One of the connections that makes hyperdeterminants very interesting is their link with elliptic curves. Elliptic curves are connected to may other things of interest including the proof of Fermat’s lat theorem and monstrous moonshine and their unexplored link with elliptic curves may throw new light on these areas.
I wanted to introduce this link as early as possible in the blog so I’ll do it now before I have mentioned a number of other basic features of hyperdeterminants. In fact there are two independent ways to make the link, one with Cayleys 2x2x2 hyperdeterminant and another with the 2x2x2x2 hyperdeteriminant. I’ll start with the former.

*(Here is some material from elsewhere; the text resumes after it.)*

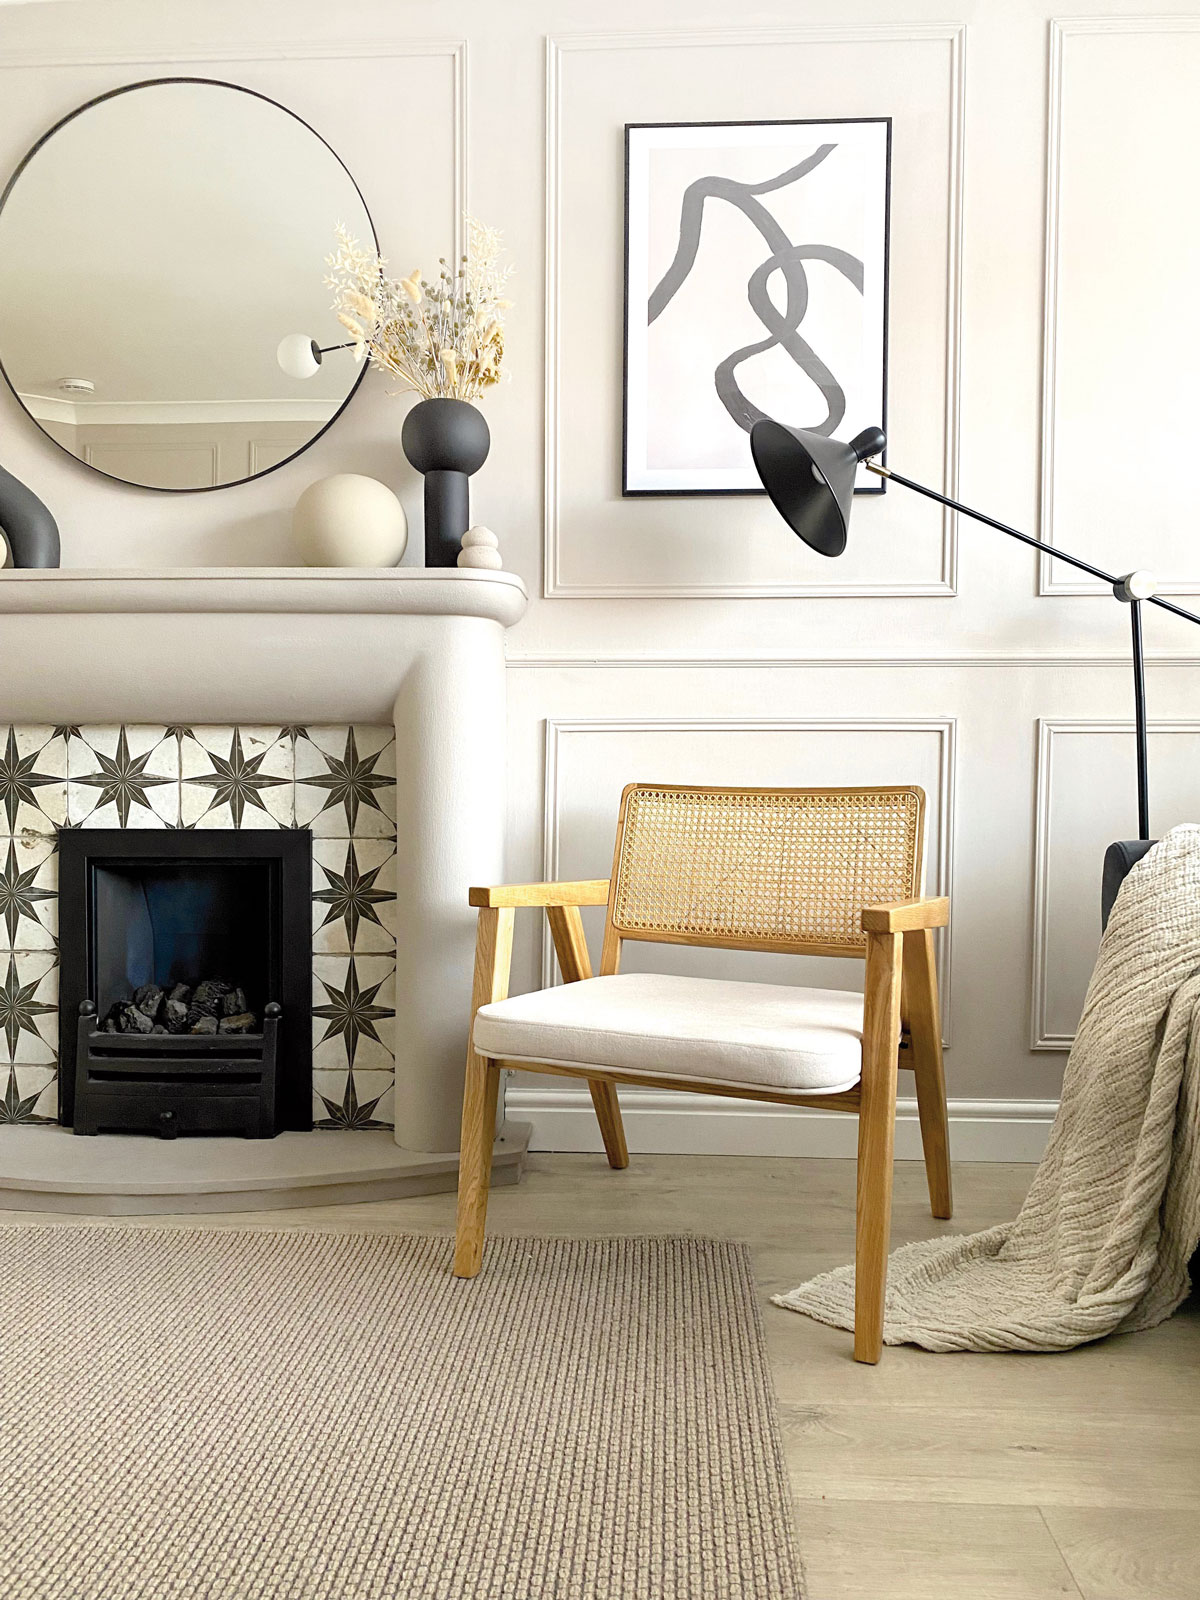 Interiér s dekoračnými lištami na stene, ladený do odtieňov bielej, s drevenou stoličkou a krbom

An elliptic curve is a name for an equation that is usually put into this form
y2 = px3 + qx2 + rx + s
A general problem associated with elliptic curves is to find solutions in rationals when p,q,r and s are given rationals. There is a group theoretic element to the solutions in that they form an abelian group under a certain operation. I am going to assume that you know enough about these things already.
For this excersize I am going to look at a specific class of elliptic curves which have a solution at x = 0 and for which the cubic side of the equation fully factorises. This means we can write it in the form
y2 + 4(bx – n)(cx – k)(ex – m) = 0, where nkm = t2
My aim is to try and rewrite this in a form that is as symmetric as possible, so i’ll satisfy the last condition by setting n = fd, k = dg, m = fg, so that t = fdg and the equation can be written concisely as
y2 + 4(bx – fd)(cx – dg)(ex – fg) = 0
This gives us a symmetry corresponding to S3 the symmetric group on three elements. The symmetry is realised by an action on the “known” coefficients by applying the same permutation to (b,c,e) and to (g,f,d). Of course, our elliptic curve originally had four coefficients so by increasing the number to six we must have introduced a two parameter redundancy. This symmetry is generated by transformations with parameters r and s as follows
b -> rb, f -> rf, c -> c/r, g -> g/r
b -> sb, d -> rd, e -> e/s, g -> g/s
These are transformations on the known coefficients and there does not appear to be any symmetry between the two unknown parameters x and y. However, it is also possible to make elliptic curves symmetrical in two unknowns by writing them in this form
u2v2 + 2αuv + 2βu + 2γv + δ = 0
In this form the equation is symmetrical under exchange of the two unknowns u and v if the fixed coefficients β and γ are also swapped. The standard form for an elliptic curve can be recovered by completing the square with respect to the equation as a quadratic in u. This leads us to rewrite it as
(uv2 + αv + β)2 + 2γv3 + (δ -α2)v2 – 2αβv – β2 = 0
This form can be identified with our original elliptic curve if we make the equations
x = v
y = uv2 + αv + β
4bce = 2γ
4(bcfg + bedg + cefd) = α2-δ
4fdg(bg + cf + ed) = -2αβ
2fdg = β
These can then be inverted to give as the coefficients α, β, γ and δ in terms of b,c,d,e and f. Substituting back into the equation for u and v we get
u2v2 – 2(bg + cf + ed)uv + 4fdgu + 4bcev + (bg + cf + ed)2 – 4(bcfg + bedg + cefd) = 0
expanding and rearranging gives
u2v2 + b2g2 + c2f2 + e2d2 – 2bguv – 2cfuv – 2eduv – 2bcfg – 2bedg – 2cefd – 4fdgu + 4bcev = 0
It is clear from this expression that we now have more symmetry than we were originally looking for. We set up an S3 symmetry acting on the coefficients and a Z2 symmetry in the varaibles, but we now also have symmetries in the expression that interchange the coefficients and the variables. And of course you will recognise the expression as Cayley’s hyperdeterminant in the cube formed by the eight variables. The symmetry group of the expression is therefore at least the symmetry of the cube which is isomorphic to S4. In fact, as we shall see next, the hyperdetermiant has a much larger symmetry even than that because the continuous symmetries have also expnaded. We shall look at what the fullsymmetry is shortly.